[Exercise objective]
In the records below, find the line containing "Infographie Vitamine B12". Output it and every line after it to the end, unchanged, with no pictures.

Source records:
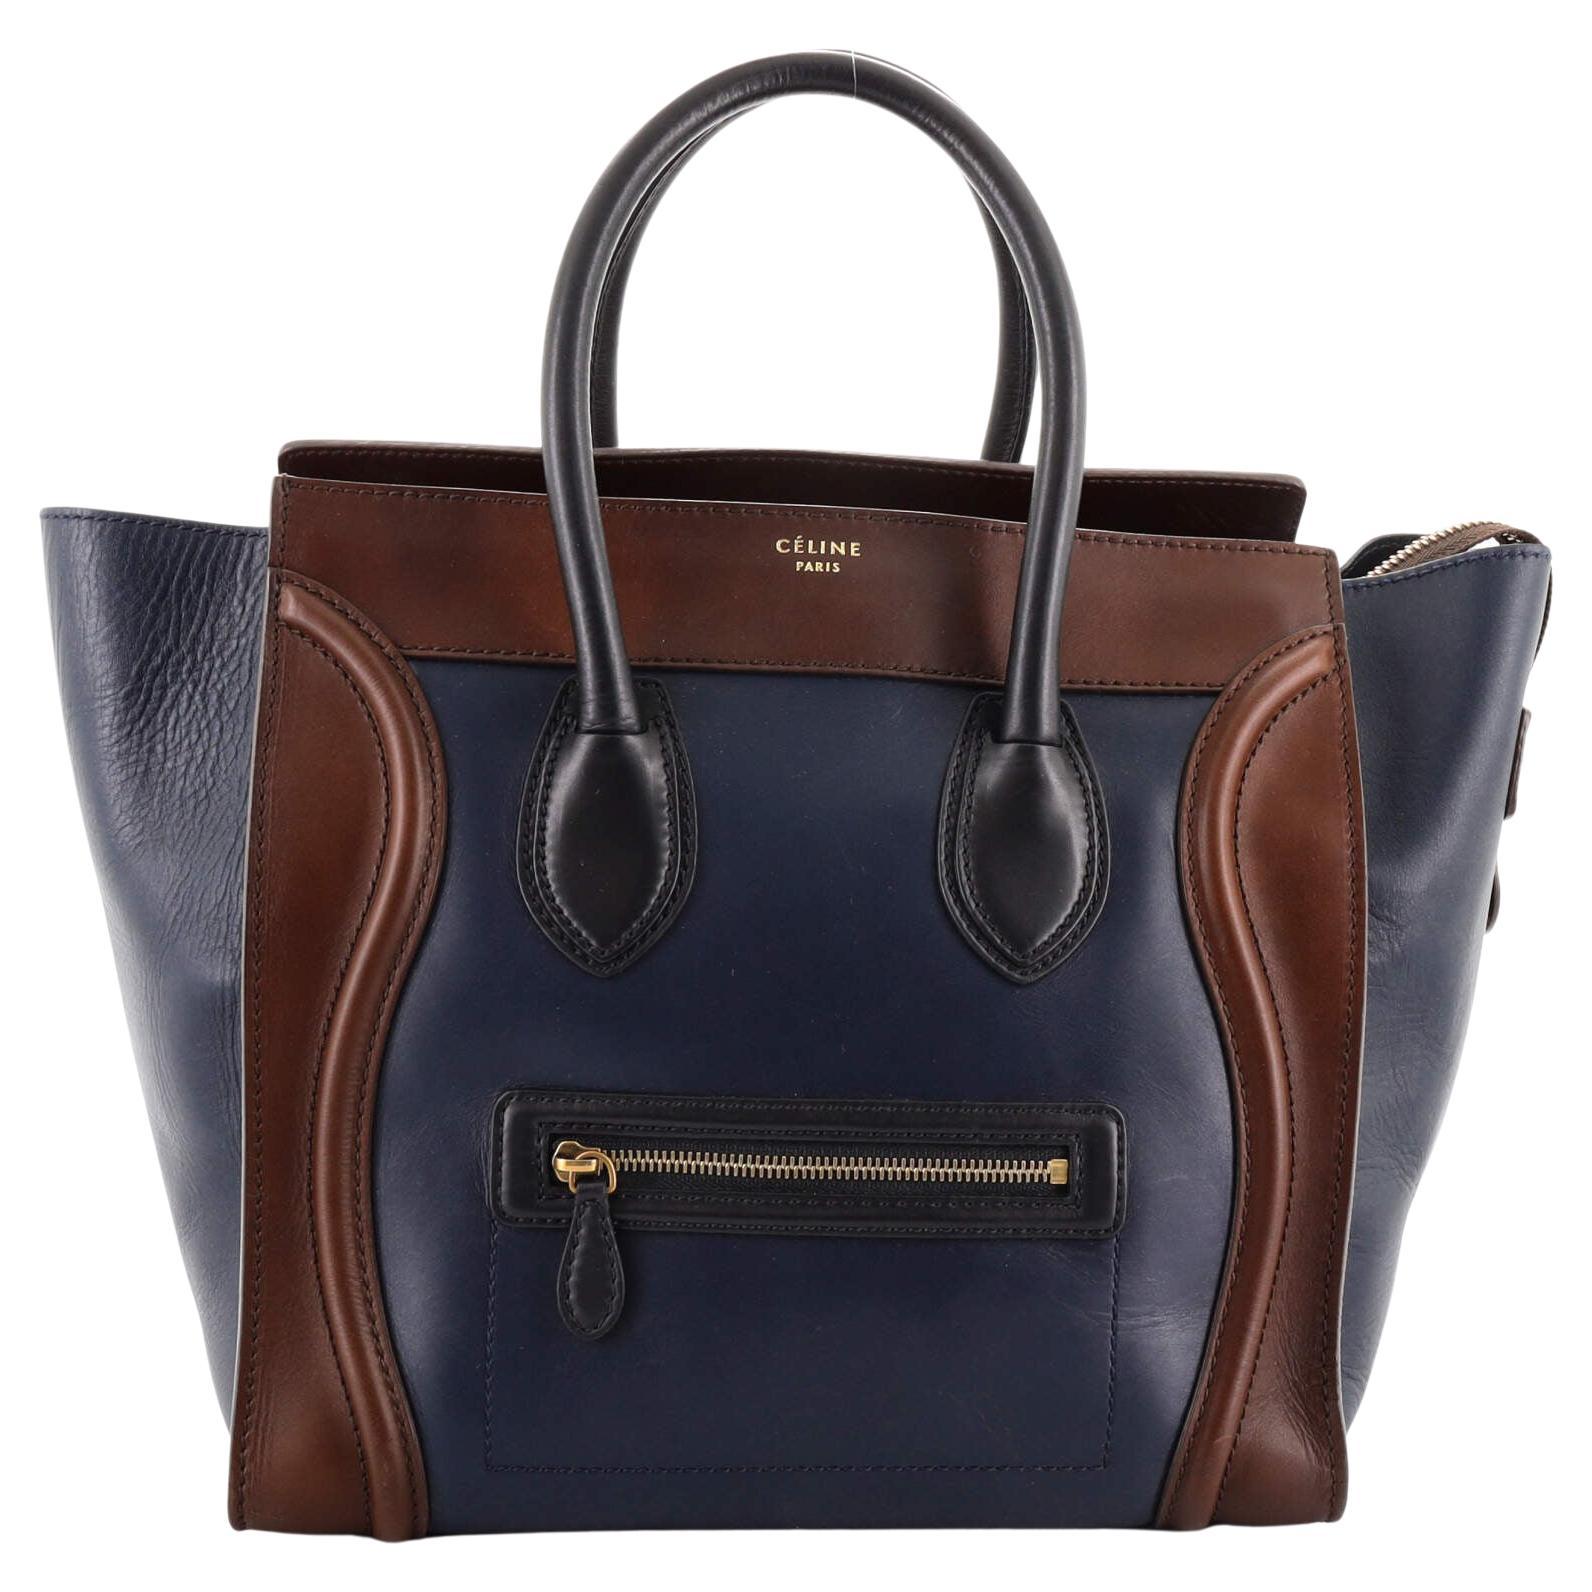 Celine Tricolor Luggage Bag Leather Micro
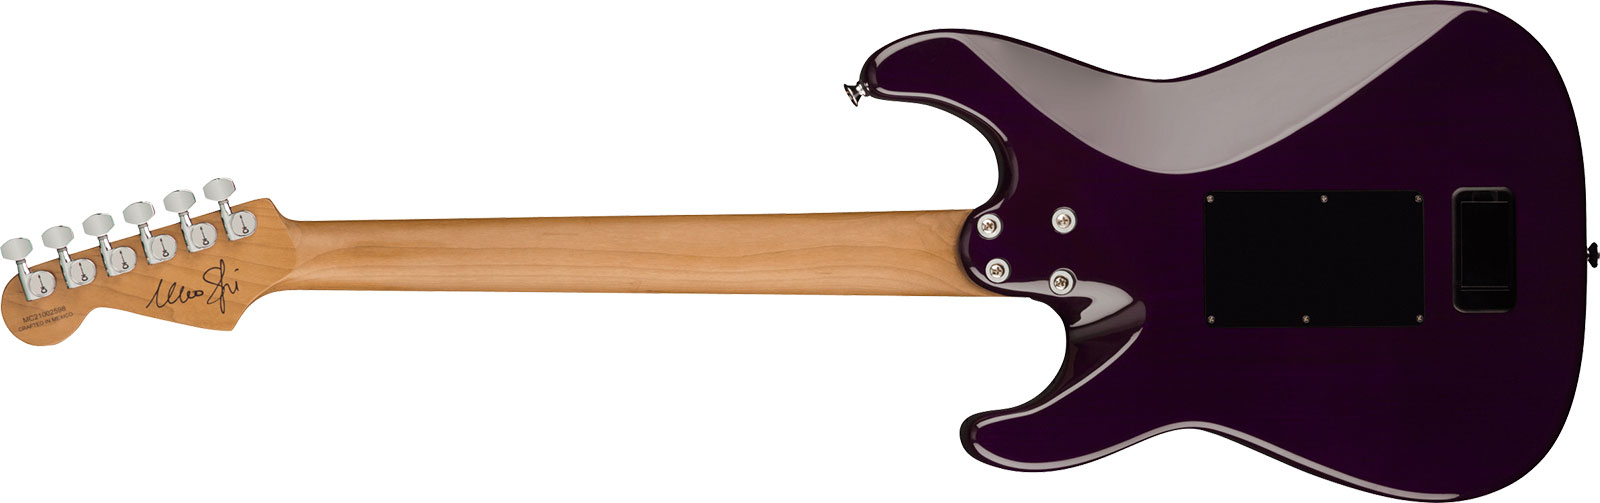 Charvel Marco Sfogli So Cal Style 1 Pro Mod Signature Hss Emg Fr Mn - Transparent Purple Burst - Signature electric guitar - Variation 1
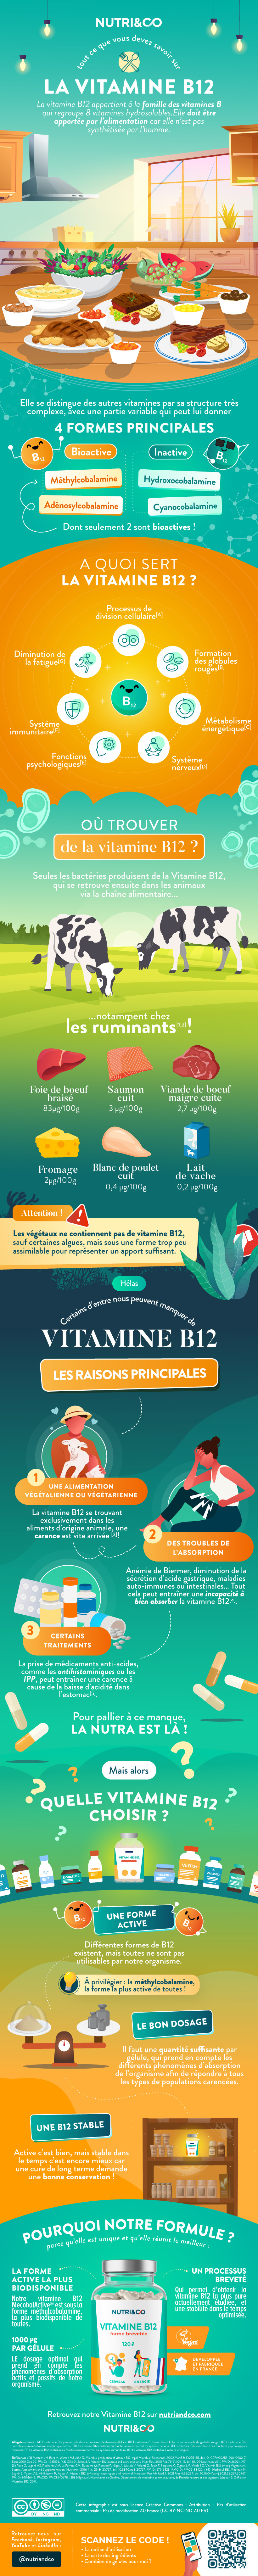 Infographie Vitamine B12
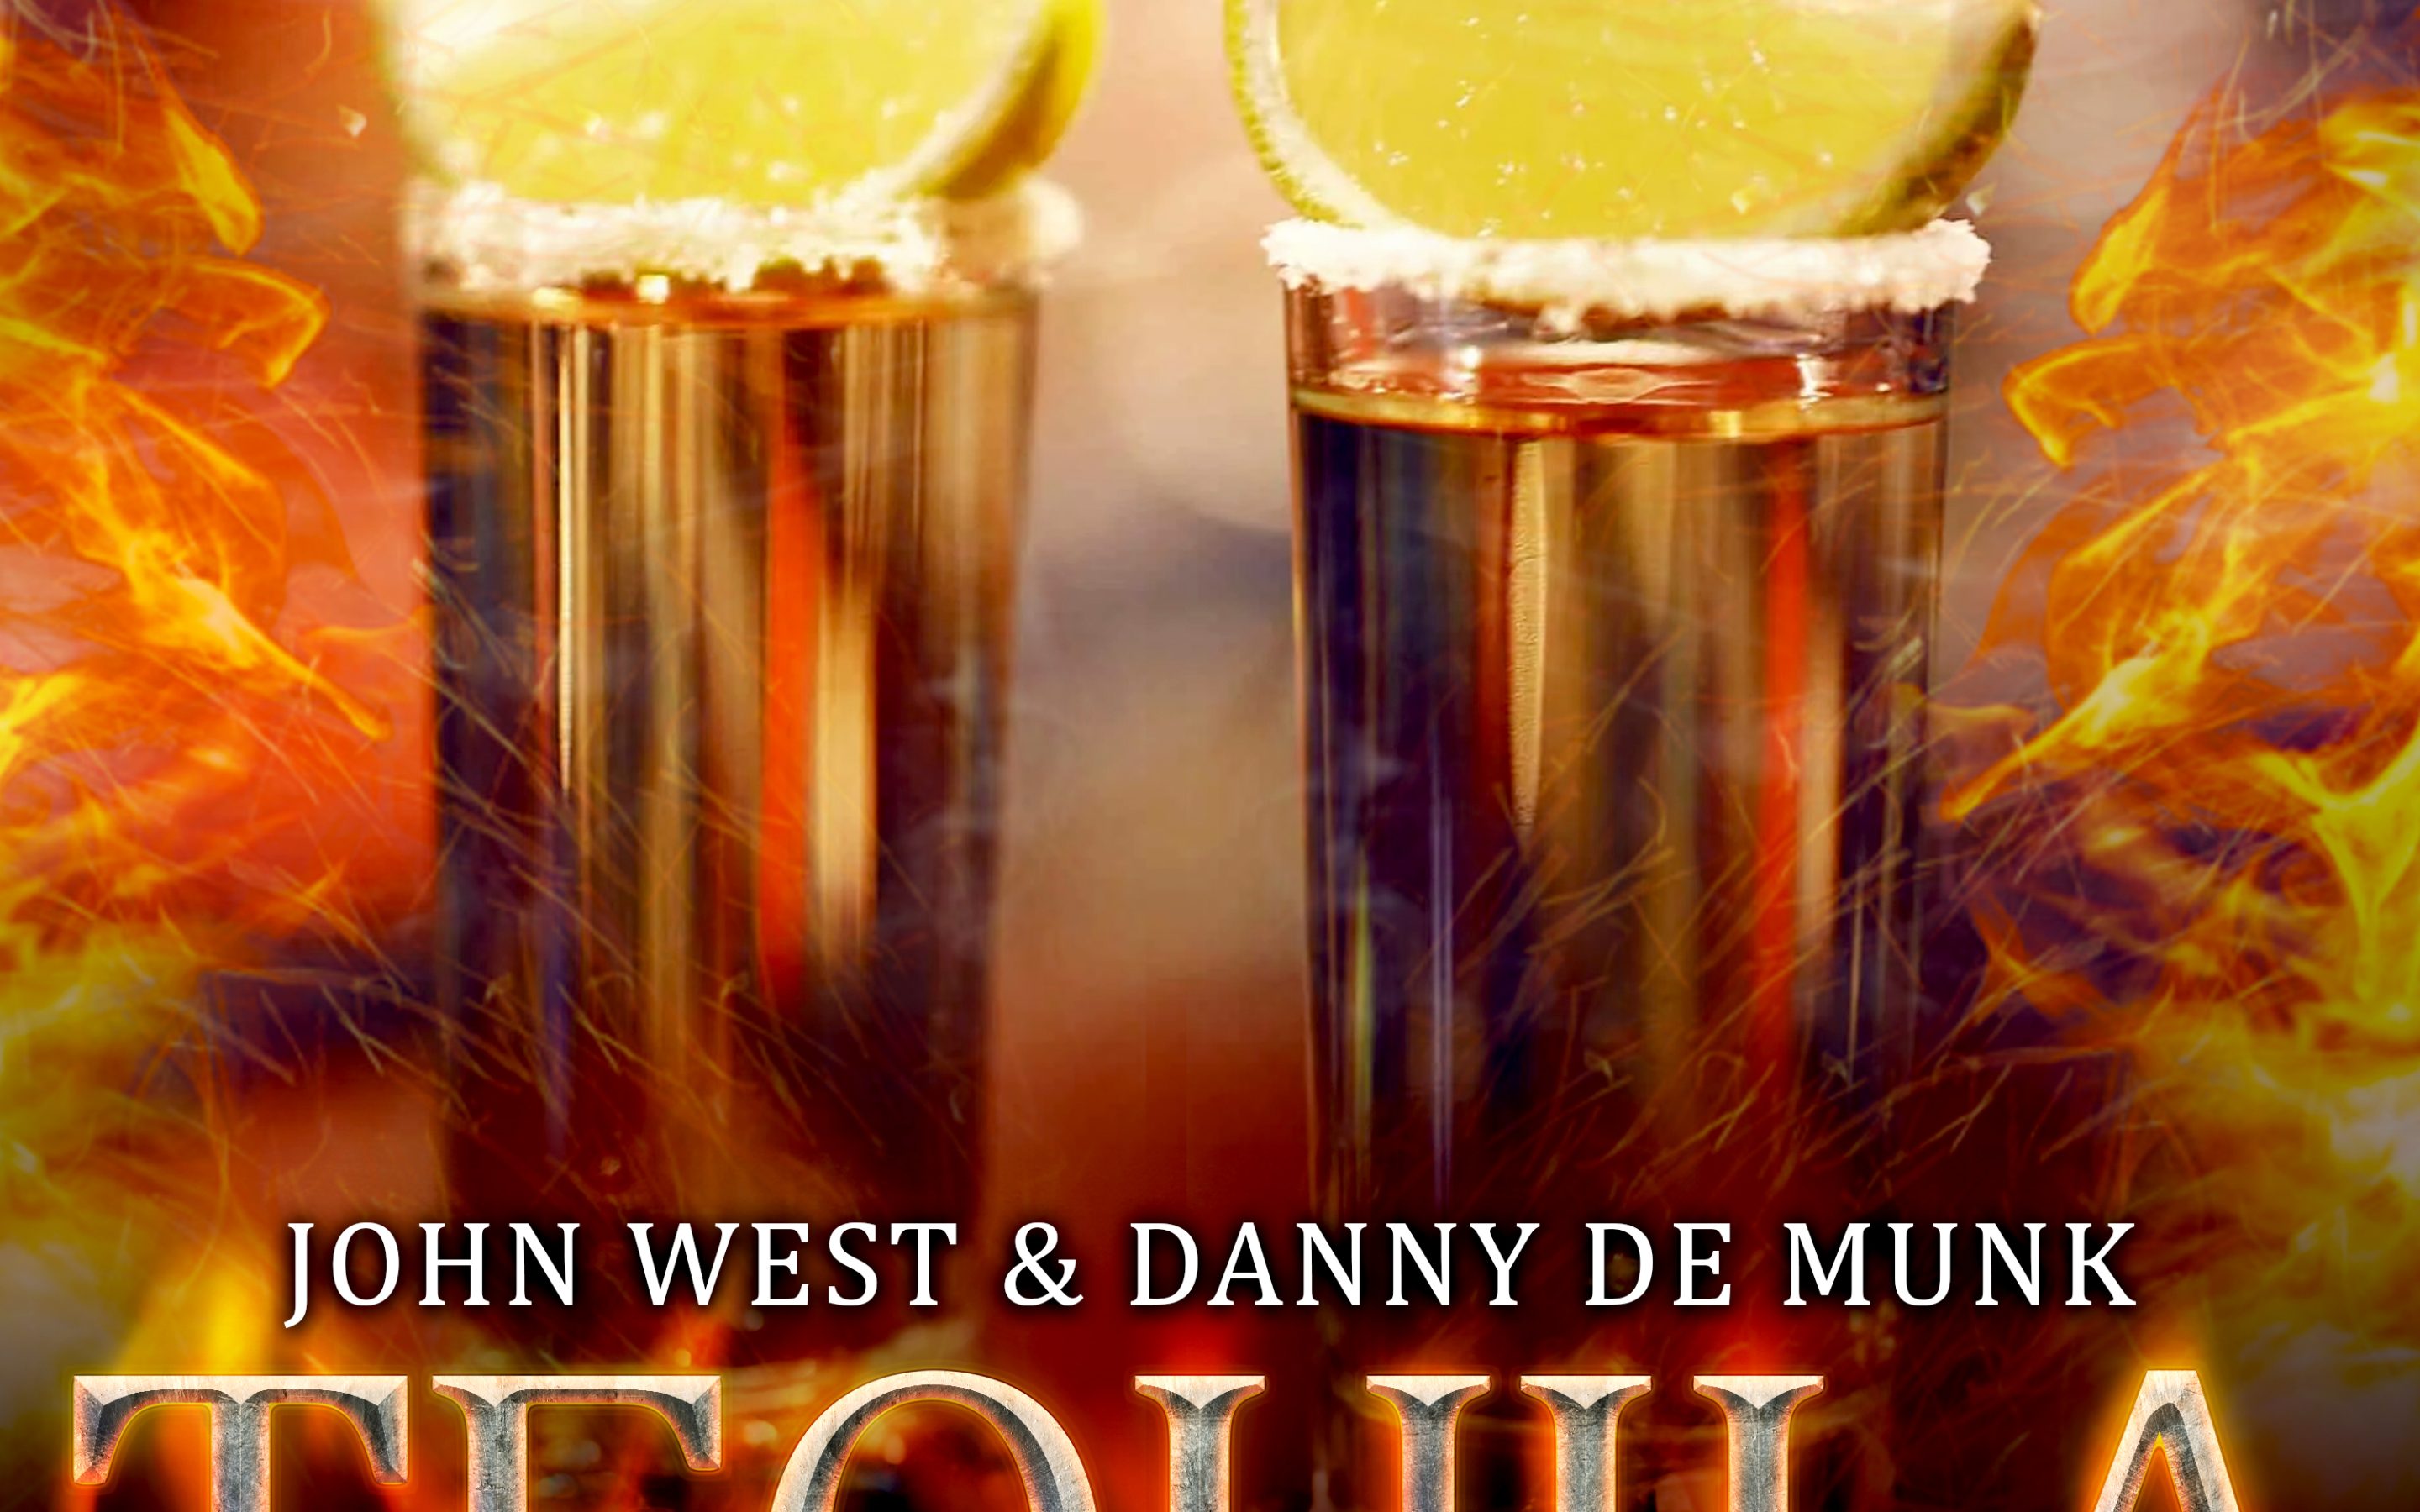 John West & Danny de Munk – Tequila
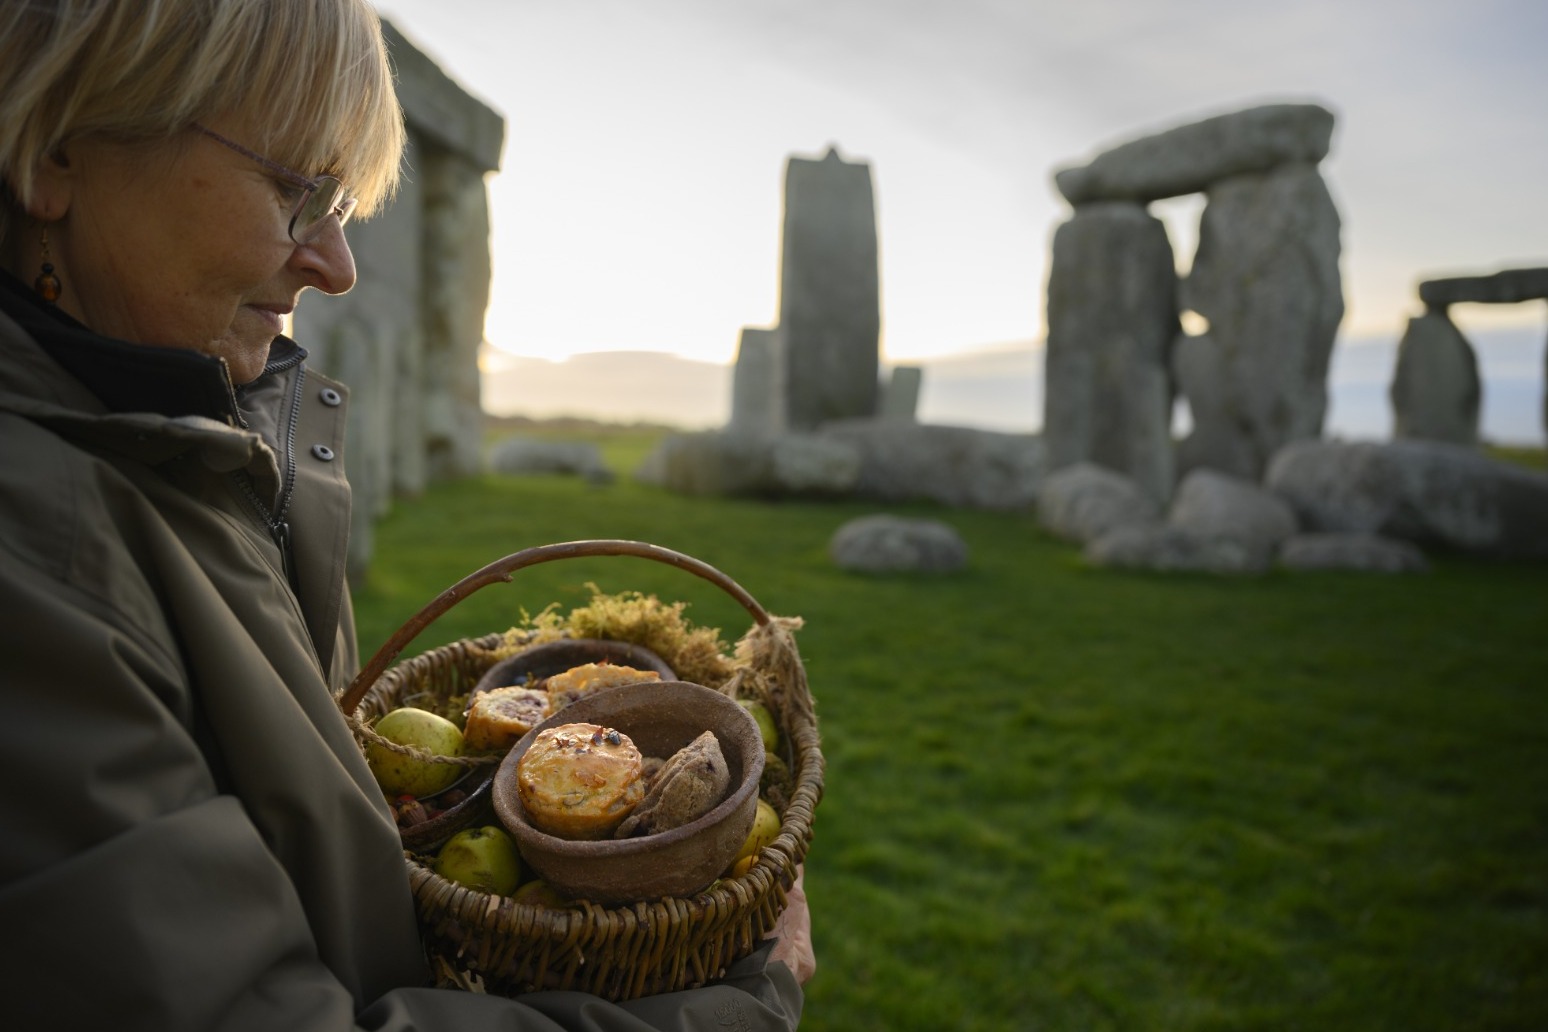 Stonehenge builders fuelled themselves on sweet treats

[Task solution]
 Infographie Vitamine B12
 John West & Danny de Munk – Tequila
 Stonehenge builders fuelled themselves on sweet treats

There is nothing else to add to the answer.